I didn’t have a clear memory of getting back to my own apartment. Ten hours later I wished I didn’t have a clear sense of waking up, either. Someone was running an artificial surf machine inside my head. It swooshed and swirled when I tried standing. Even if I hadn’t drunk the champagne, I would have felt awful—my hike around the Ryan had stiffened up my legs. My shoulders felt as though I’d spent the night on a circular saw. With the better part of a bottle swelling my cytoplasm, I wished I could spend the next twelve hours unconscious.
Instead I staggered into the kitchen looking for orange juice. The maid or wife or whoever looked after these things hadn’t been to the store yet. I thought about going out myself, but the idea of being in direct sunlight made me feel so ill that I had to sit down. When the spasm passed I went into the bathroom, located the Tylenol, and took four, extra-strength, with a couple of glasses of cold water. After a long soak in the tub with the water as hot as I could tolerate, I shuffled back to bed.
When I woke up again it was past noon. I didn’t feel like running a mile but I thought I could manage getting dressed and going to the grocery. When you feel really lousy, puppy therapy is indicated. I stopped at Mr. Contreras’s to pick up Peppy.
“You look terrible, doll. You doing okay?” He was wearing a red shirt so brilliant it hurt my eyes.
“I feel like death. But I’m going to get better. I just want to borrow the dog for a while.”
His faded brown eyes were bright with worry. “You sure you even oughta be dressed? Why don’t you go back to bed and I’ll fix you something to eat. You shouldn’t of got out of the hospital so soon. I don’t know what Dr. Lotty would say if she could see you.”
I swayed slightly and caught hold of the doorjamb. Peppy came over to lick my hands. “She’d say I got what was coming to me. This is just cork flu—it doesn’t have anything to do with my injuries, or at least not much.”

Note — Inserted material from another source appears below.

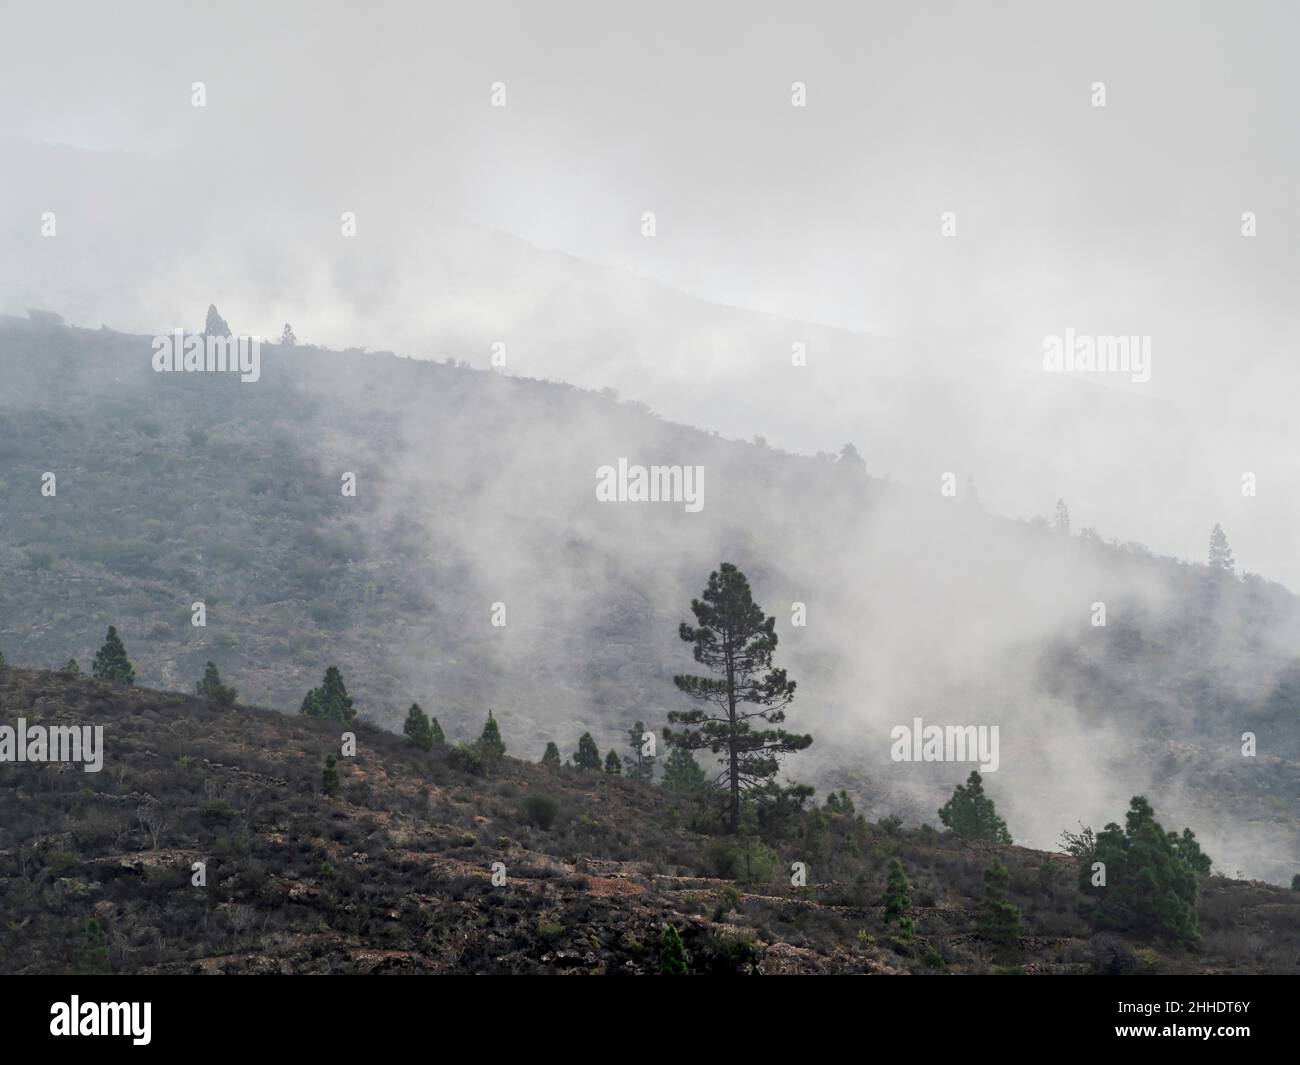 The conservation village of Chirche, Guia de Isora district, Tenerife. Mist clouds in the corona forestal. Stock Photo

“Cork flu?” He cocked his head to one side. “Oh. You been drinking too much. Don’t do that, doll. It’s no way to solve your problems.”
“No, of course it isn’t. Who should know that better than you? I’ll bring Peppy back later.”
I wobbled off with the dog while he was squawking righteously about how knocking back a few with the boys was not the same as me drowning my sorrows in whiskey, I should know by now it was bad for my system. Peppy was totally uninterested in these fine points of ethics, or the different morality prevailing for men who drink than for women. She was staggered that we weren’t going running. She kept looking up at me to see if I was watching her, then looking very pointedly to the east to say we should be going that way.
When she saw it wasn’t going to happen she took it like a lady, waiting sedately outside the grocery on Diversey and staying fairly close going home. She’d run a half a block ahead of me, come back to see if I was still there, tree a squirrel a few yards back, then move ahead again. Back at my apartment she placed herself on the kitchen floor between the stove and table. In my stupefied condition I kept stepping on her tail but she didn’t move—what if some food fell?—she wanted to be able to get to it before I tripped on it. That’s what a guard dog is for.
I squeezed some orange juice and fried hamburgers for the two of us, hers without rye or lettuce. The hamburger raised my blood sugar to the point that I thought I might even manage to live another few days.
I’d intended to go back to the Recorder of Deeds office to look up Farmworks; if it wasn’t a partnership, I’d have to drive to Springfield to see whether they’d been incorporated. Halfway through the second bottle last night, though, as Rick described in hilarious detail the collapse of a set he’d designed for the La Brea Tarpit Wars, I’d remembered the Lexis system. If you had a pal who subscribed to it, you could find out who the officers of a closely held company were as long as it had filed to do business in Illinois.
I wasn’t up to taking the first step, visiting the Recorder’s office in the old county building, but I went to the living room to call Freeman Carter. He’s my attorney, not exactly a pal, and he wouldn’t get me the information for nothing, but it still beat driving to Springfield.
Freeman expressed himself pleased at hearing from me—his secretary had brought in the news clips about my near death. He’d been waiting for me to feel better before seeing if I wanted to start a civil action against anyone.
“You mean the way you have to do if the Klan murders your kid?” I asked. “What is it you do—sue for being deprived of your civil right to life?”
“Something like that.” He laughed. “How are you feeling?”
“I’m coming along, but I was too ambitious yesterday— I’m not going out today. I was wondering if you’d do something for me.”
“Maybe, if it relates to my proper professional role in your life and if it is very clearly marked ‘legal.’”
“When have I ever asked you to do something illegal?” I demanded, stung.